The presentation was titled “Industry/Academia Engagement Models – From PhD Contests to R&D Collaborations.” It included these speakers, shown from left to right in the photo below:

• Prof. Xin Li, Electrical and Computer Engineering, Carnegie-Mellon University (CMU)
• Chuck Alpert, Senior Software Architect, Cadence
• Prof. Laleh Behjat, Department of Electrical and Computer Engineering, University of Calgary

Alpert, who was filling in for Zhuo Li, Software Architect at Cadence, was the vice chair of DAC 2015 and will be the general chair of DAC 2016 in Austin, Texas. “My team at Cadence really likes to collaborate with universities,” he said. “We’re a big proponent of education because we really need the best and brightest students in our industry.”

Contests Boost EDA Research

One way that Cadence collaborates with academia is participation in contests. “It’s a great way to formulate problems to academia,” Alpert said. “We can have the universities work on these problems and get some strategic direction.”

For example, Cadence has been involved with the annual CAD contest at the International Conference on Computer-Aided Design (ICCAD) since the contest was launched in 2012. This is the largest worldwide EDA R&D contest, and it is sponsored by the IEEE Council on EDA (CEDA) and the Taiwan Ministry of Education. Its goals are to boost EDA research in advanced real-world problems and to foster industry-academia collaboration.

Contestants can participate in one of more problems in the three areas of system design, logic synthesis and verification, and physical design. The 2015 contest has attracted 112 teams from 12 regions. Cadence contributes one problem per year in the logic synthesis area. Zhuo Li was the 2012 co-chair and the 2013 chair. The awards will be given at ICCAD in November 2015.

Another step that Cadence has taken, Alpert said, is to “hire lots of interns.” His own team has four interns at the moment. One advantage to interning at Cadence, he said, is that students get to see real-world designs and understand how the tools work. “It helps you drive your research in a more practical and useful direction,” he said.

The Cadence Academic Network co-sponsors the ACM SIGDA PhD Forum at DAC, and Xin Li and Zhuo Li are on the organizing committee. This event is a poster session for PhD students to present and discuss their dissertation research with people in the EDA community. This year’s forum was “packed,” Alpert said, and it’s clear that the event needs a bigger room.
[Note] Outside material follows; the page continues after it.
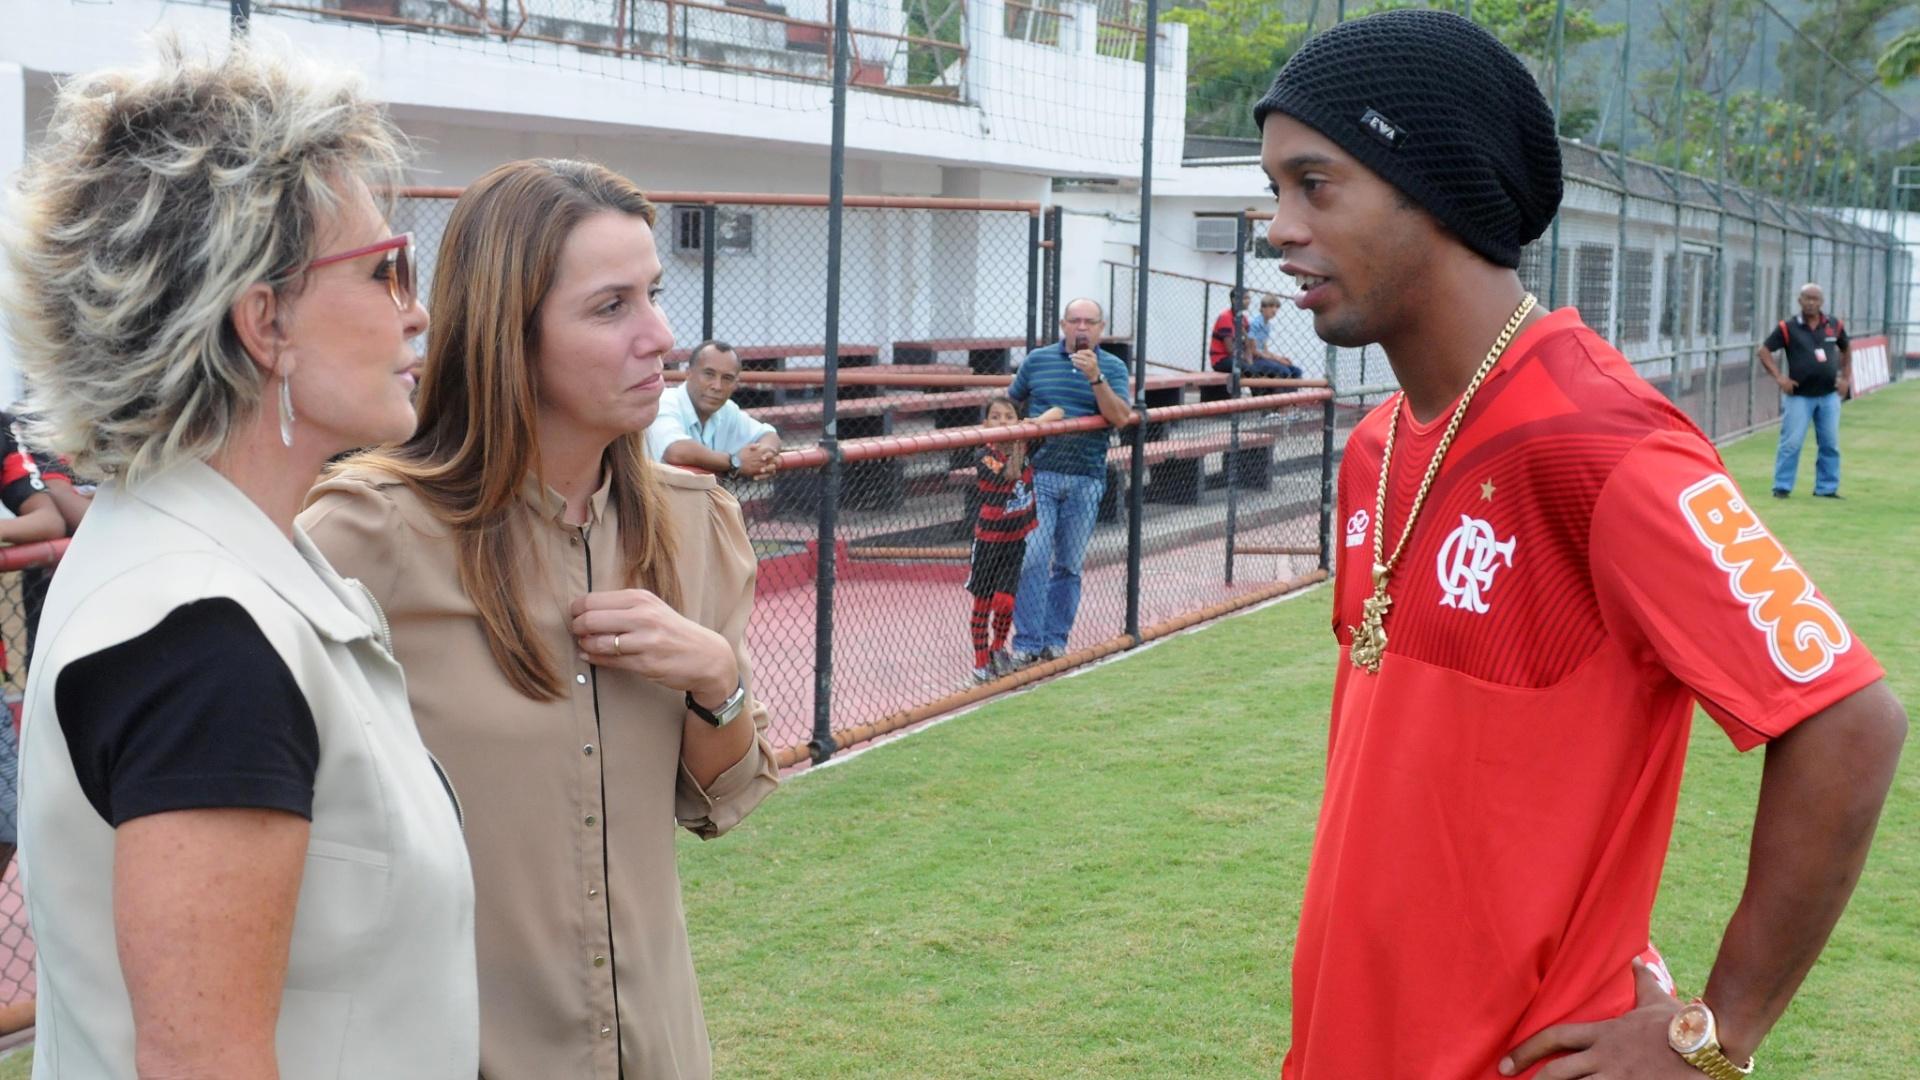 Ana Maria Braga e Patrícia Amorim conversam com Ronaldinho Gaúcho

Finally, Alpert noted, Cadence researchers write and publish technical papers at DAC and other conferences, and Cadence people serve on the DAC technical program committee. “We try to be involved with the academic community on a regular basis,” Alpert said. “We want the best and the brightest people to go into EDA because there is still so much innovation that’s needed. It’s a really cool place to be.”

Research Collaboration Exposes Failure Rates

Xin Li presented an example of a successful research collaboration between CMU and Cadence. The challenge was to find a better way to estimate potential failure rates in memory. As noted in a previous blog post, PhD student Shupeng Sun met this challenge with a new statistical methodology that won a Best Poster award at the ACM SIGDA PhD Forum at DAC 2014.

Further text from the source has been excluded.